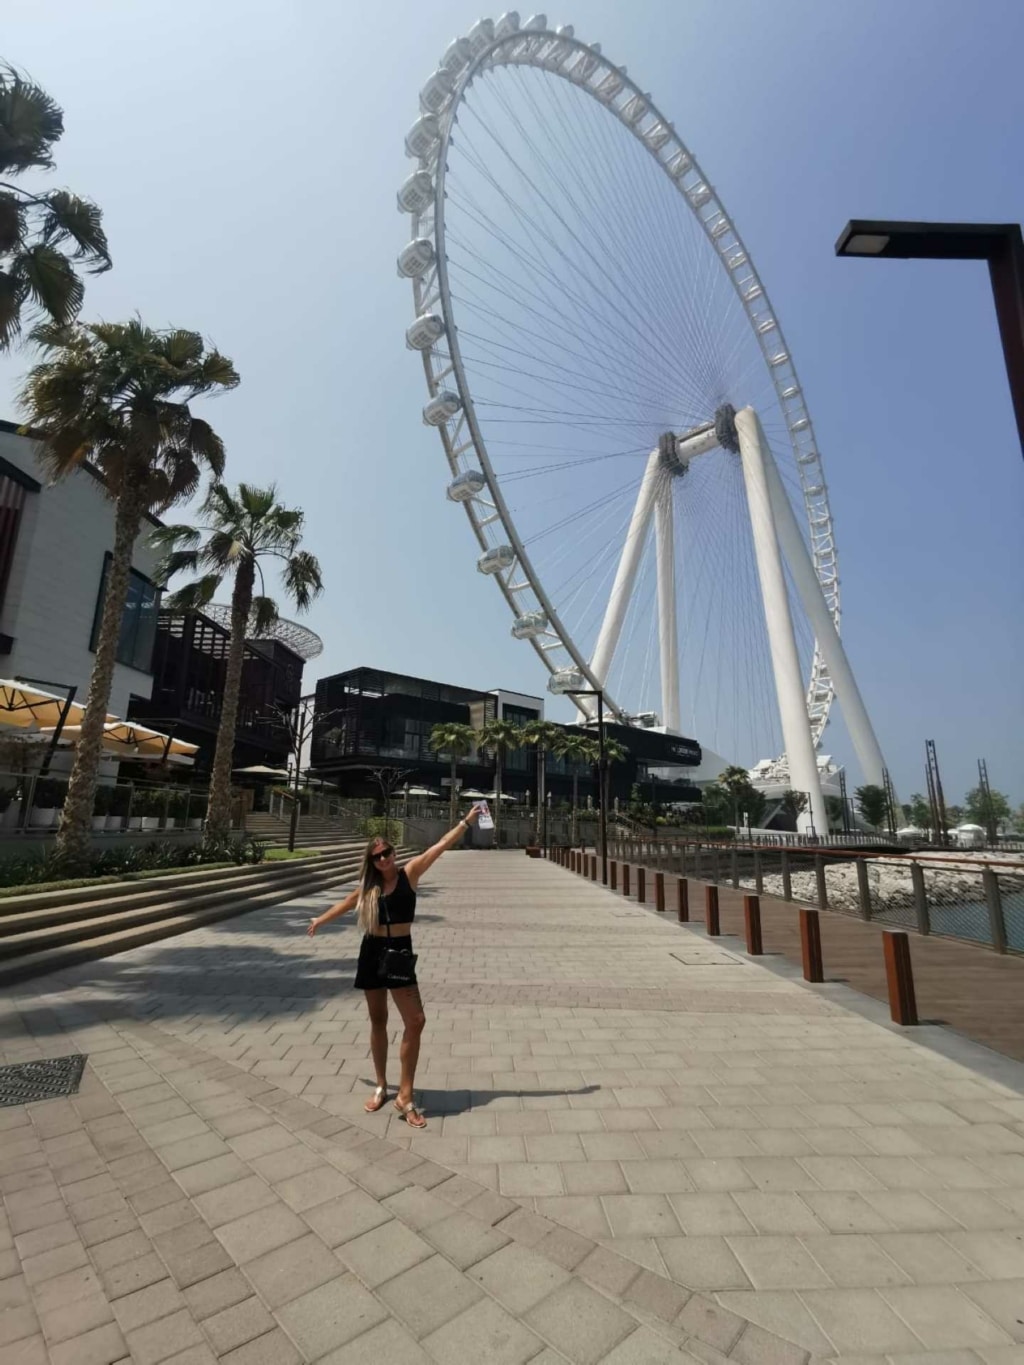 Yvonne, collaboratrice Hairdreams, pose devant une grande roue à Dubaï
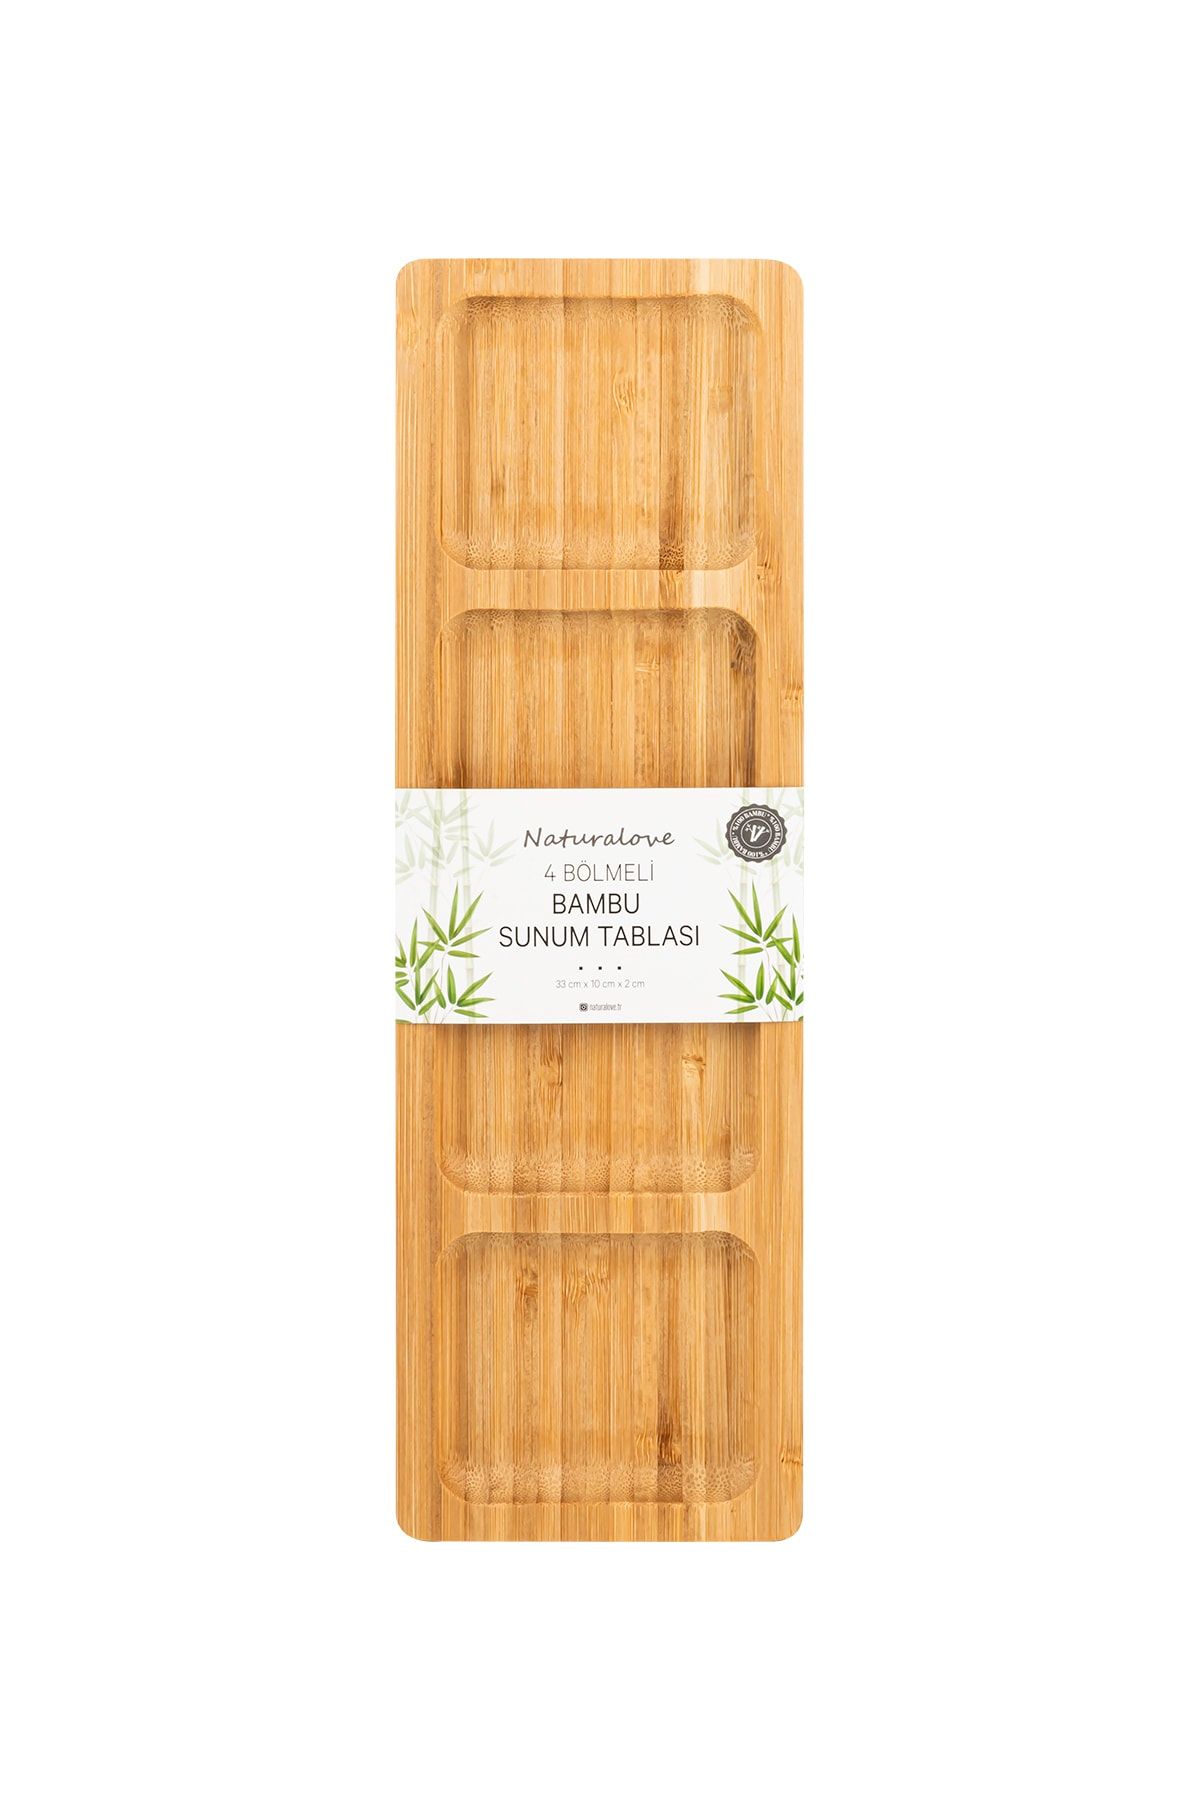 Naturalove Bambu Sunum Tabağı - 4 Bölmeli
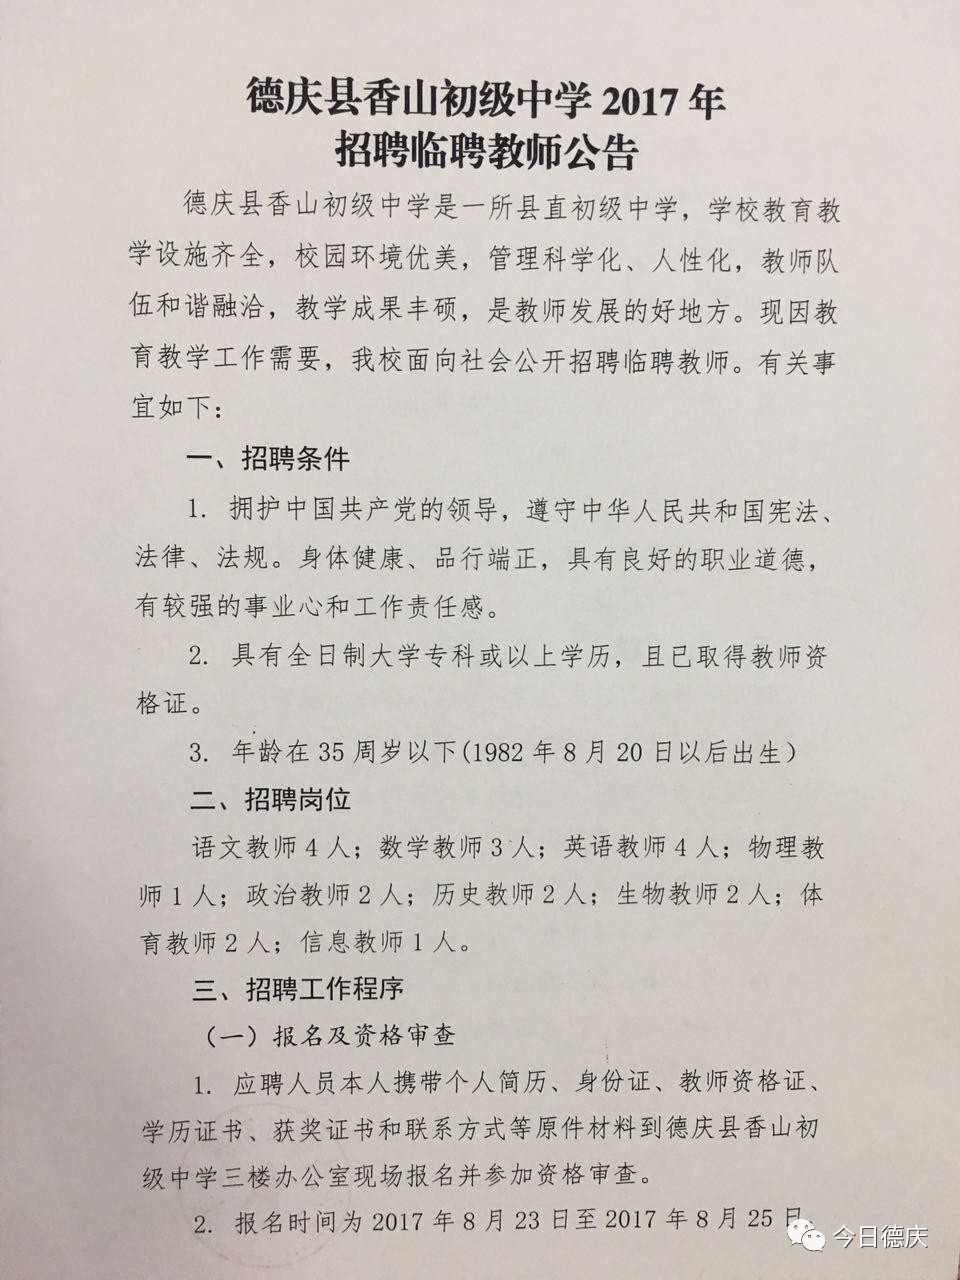 庆香山中学招聘21名老师,还有这些行政助理,生
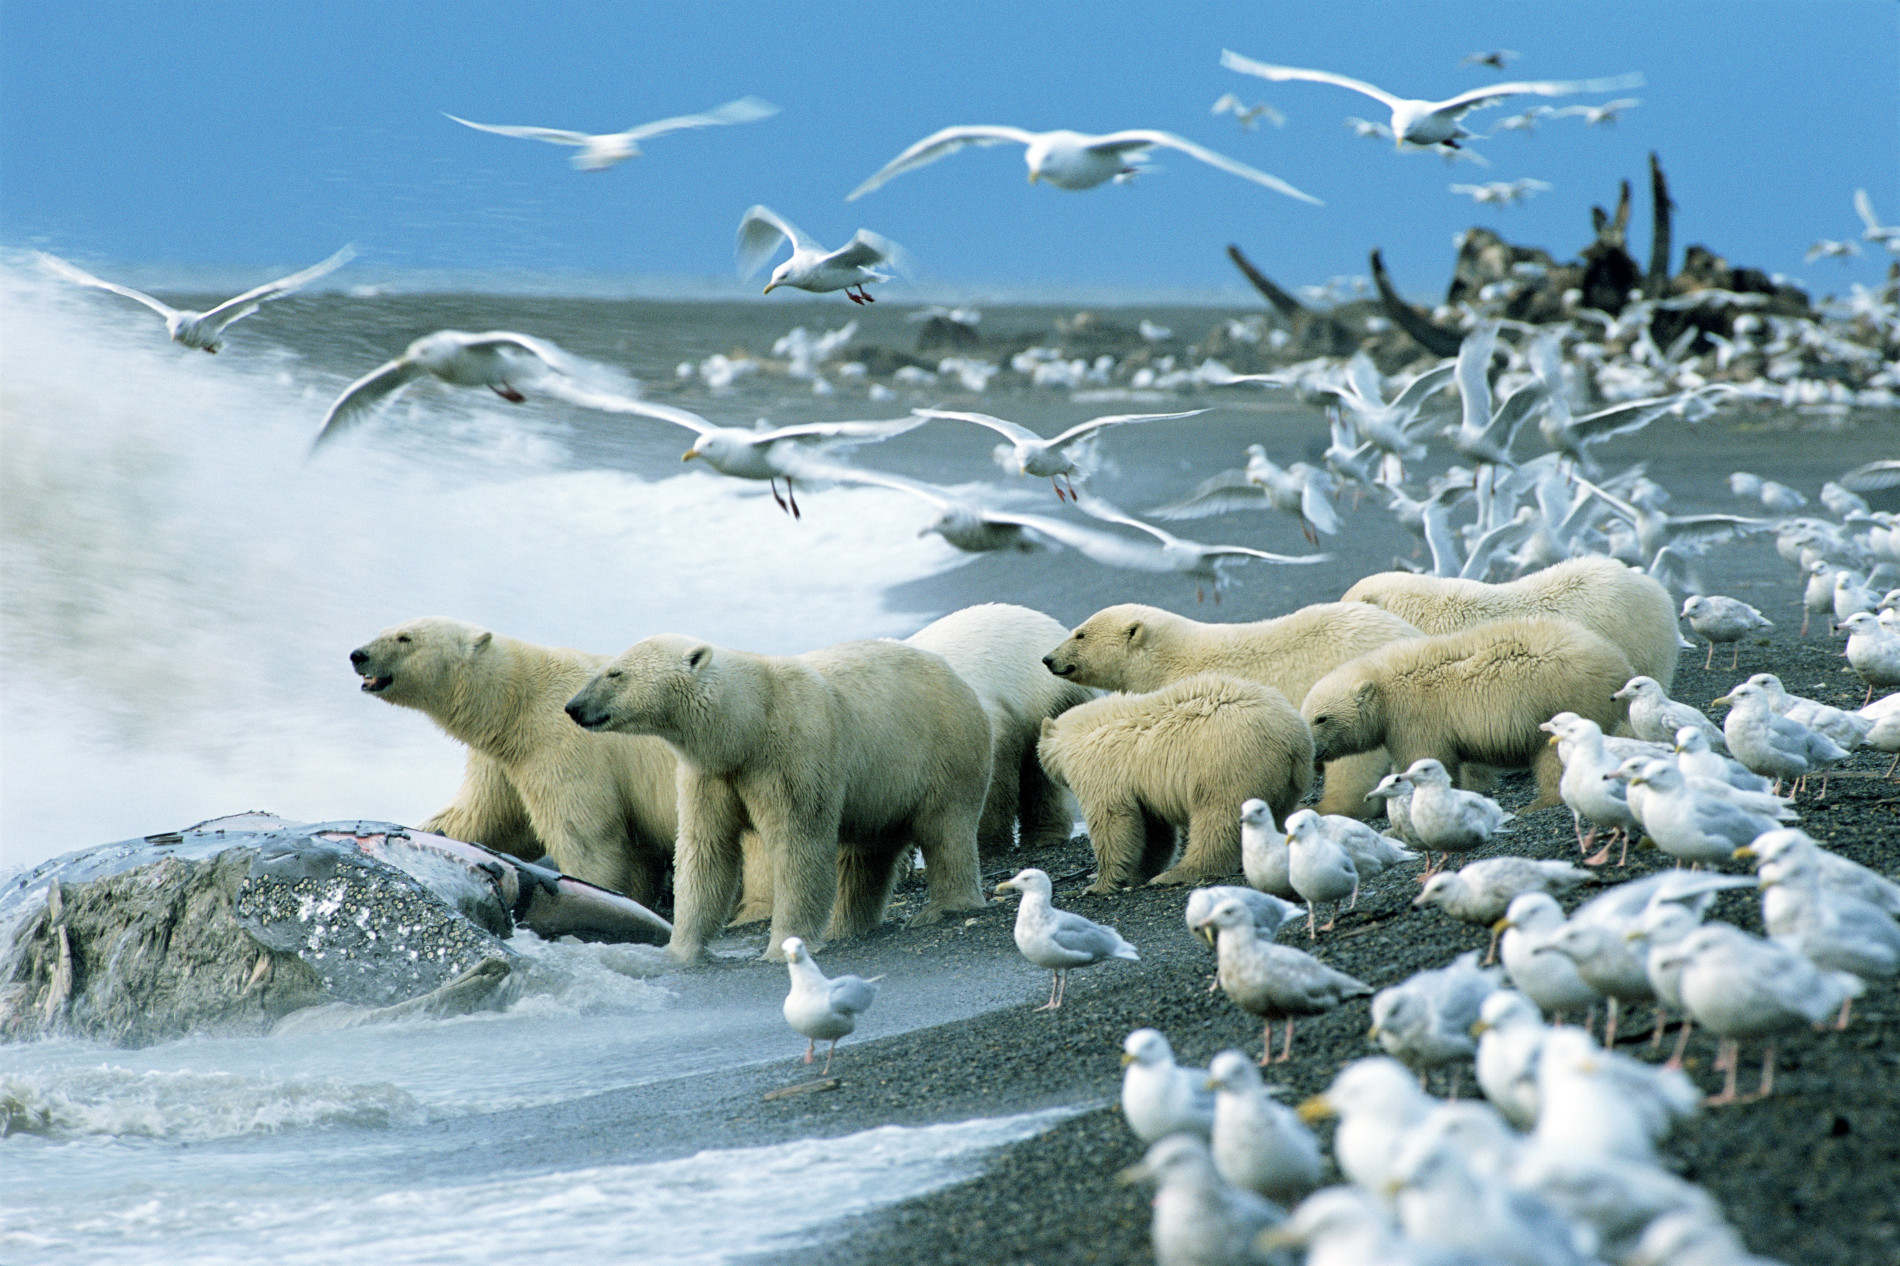 Животный мир природной зоны арктические пустыни
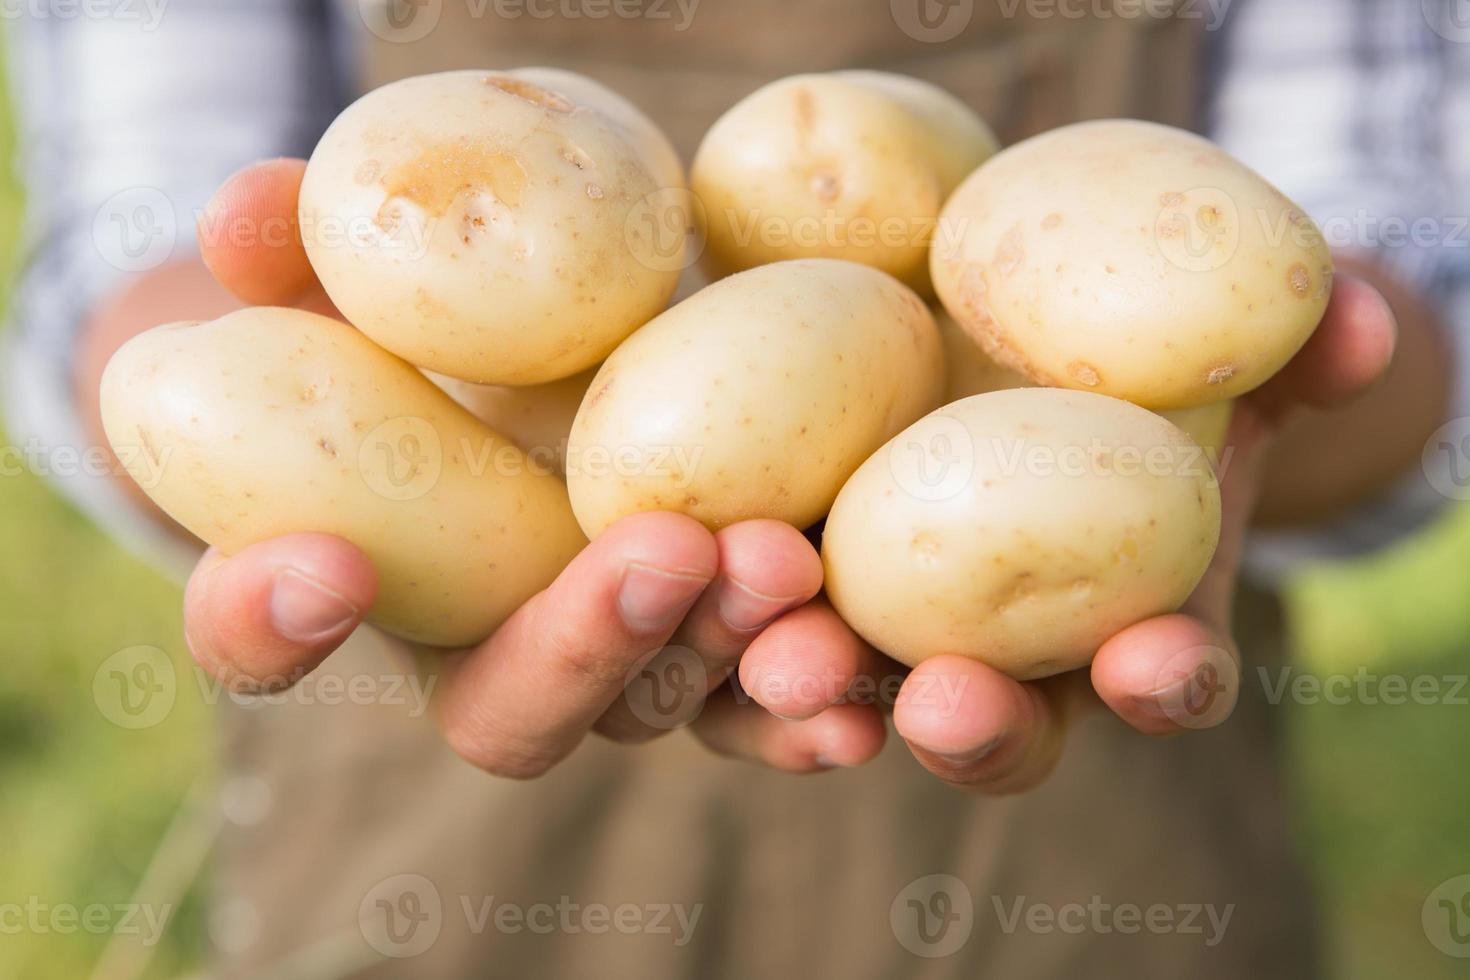 agricultor mostrando suas batatas orgânicas foto

◆ **Task prompt**
Write out the listing above exactly, images omitted.

◆ **Exercise output**
 Yvonne, collaboratrice Hairdreams, pose devant une grande roue à Dubaï
 Naturalove Bambu Sunum Tabağı - 4 Bölmeli
 庆香山中学招聘21名老师,还有这些行政助理,生
 Животный мир природной зоны арктические пустыни
 agricultor mostrando suas batatas orgânicas foto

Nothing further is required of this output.